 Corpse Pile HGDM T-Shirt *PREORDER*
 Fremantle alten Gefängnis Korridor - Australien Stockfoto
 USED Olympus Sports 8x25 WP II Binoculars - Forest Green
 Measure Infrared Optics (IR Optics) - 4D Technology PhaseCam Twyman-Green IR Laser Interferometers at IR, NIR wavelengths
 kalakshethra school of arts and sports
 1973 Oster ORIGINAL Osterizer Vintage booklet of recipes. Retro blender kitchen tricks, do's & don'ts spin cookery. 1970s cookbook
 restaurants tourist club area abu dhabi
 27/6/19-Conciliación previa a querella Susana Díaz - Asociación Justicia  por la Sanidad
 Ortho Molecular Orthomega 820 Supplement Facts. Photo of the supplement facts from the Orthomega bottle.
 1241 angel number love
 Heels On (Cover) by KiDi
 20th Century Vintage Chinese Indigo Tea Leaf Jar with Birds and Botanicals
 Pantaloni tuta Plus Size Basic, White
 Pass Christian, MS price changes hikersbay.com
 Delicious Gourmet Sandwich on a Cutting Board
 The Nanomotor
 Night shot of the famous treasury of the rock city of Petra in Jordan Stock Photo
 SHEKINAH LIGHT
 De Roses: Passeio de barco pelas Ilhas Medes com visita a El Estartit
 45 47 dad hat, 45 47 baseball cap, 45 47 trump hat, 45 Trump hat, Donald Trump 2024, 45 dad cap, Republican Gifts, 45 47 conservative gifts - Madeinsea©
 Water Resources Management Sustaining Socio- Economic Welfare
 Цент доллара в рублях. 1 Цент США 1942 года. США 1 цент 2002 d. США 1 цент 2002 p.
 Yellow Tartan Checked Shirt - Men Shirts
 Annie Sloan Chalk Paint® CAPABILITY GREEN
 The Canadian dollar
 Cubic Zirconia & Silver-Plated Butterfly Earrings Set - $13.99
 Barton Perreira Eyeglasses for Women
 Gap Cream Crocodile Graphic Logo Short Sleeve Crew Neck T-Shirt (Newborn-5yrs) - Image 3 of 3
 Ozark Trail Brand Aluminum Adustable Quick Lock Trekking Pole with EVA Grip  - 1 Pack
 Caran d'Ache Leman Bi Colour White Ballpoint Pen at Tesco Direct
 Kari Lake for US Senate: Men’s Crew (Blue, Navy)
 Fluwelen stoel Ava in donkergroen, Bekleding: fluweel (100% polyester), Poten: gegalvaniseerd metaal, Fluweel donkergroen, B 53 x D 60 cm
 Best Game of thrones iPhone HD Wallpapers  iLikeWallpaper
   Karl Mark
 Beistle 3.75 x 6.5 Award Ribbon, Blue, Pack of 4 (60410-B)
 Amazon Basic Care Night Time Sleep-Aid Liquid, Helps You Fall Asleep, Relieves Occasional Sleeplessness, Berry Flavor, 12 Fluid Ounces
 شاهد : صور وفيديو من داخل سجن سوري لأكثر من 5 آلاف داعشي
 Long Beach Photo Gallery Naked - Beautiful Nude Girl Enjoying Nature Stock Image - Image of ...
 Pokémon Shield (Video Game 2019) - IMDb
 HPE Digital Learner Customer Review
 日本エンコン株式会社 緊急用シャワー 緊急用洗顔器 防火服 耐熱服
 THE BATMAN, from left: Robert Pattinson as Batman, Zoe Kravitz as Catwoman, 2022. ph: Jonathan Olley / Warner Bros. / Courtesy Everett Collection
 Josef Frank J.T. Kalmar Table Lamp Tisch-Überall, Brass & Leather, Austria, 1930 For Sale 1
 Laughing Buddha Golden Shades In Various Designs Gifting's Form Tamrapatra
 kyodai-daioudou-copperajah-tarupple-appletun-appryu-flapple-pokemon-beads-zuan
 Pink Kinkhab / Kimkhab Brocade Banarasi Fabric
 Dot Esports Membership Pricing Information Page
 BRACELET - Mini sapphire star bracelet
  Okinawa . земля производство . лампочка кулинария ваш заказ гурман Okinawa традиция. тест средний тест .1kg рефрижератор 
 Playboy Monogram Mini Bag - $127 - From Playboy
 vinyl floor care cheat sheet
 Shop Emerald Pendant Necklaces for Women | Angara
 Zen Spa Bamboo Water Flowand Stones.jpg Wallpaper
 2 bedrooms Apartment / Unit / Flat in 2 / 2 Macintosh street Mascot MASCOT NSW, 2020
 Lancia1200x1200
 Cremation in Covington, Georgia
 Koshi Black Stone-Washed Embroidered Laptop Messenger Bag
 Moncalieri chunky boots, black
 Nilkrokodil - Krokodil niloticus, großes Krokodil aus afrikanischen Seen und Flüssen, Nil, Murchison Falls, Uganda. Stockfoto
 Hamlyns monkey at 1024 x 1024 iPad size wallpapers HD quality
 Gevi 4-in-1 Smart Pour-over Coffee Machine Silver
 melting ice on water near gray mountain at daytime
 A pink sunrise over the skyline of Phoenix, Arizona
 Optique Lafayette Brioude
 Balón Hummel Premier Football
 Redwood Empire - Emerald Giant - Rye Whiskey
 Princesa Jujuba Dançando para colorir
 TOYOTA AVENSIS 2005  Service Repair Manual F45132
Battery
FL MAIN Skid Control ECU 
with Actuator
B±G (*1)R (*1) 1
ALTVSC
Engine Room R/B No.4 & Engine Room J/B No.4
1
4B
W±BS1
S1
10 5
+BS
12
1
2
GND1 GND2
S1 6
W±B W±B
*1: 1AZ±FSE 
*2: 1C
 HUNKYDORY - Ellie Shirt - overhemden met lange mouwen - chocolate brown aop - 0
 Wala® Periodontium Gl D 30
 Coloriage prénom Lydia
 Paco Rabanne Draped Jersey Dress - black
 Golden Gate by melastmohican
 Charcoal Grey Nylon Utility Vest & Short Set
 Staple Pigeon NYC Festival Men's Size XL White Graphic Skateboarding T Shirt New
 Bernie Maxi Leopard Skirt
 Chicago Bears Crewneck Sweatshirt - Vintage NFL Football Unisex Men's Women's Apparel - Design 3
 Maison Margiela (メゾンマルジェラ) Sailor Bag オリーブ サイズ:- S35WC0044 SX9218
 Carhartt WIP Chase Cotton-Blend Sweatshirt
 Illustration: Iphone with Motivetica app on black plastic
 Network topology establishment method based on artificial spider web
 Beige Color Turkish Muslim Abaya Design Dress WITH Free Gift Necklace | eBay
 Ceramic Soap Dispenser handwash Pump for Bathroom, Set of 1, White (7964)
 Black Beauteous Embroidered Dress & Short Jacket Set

= = = = = = =

**WHAT YOU WILL DO**
Out of the records, collect only those lines that contain the string "Embroidered".

**ANSWER SPACE**
 Koshi Black Stone-Washed Embroidered Laptop Messenger Bag
 Black Beauteous Embroidered Dress & Short Jacket Set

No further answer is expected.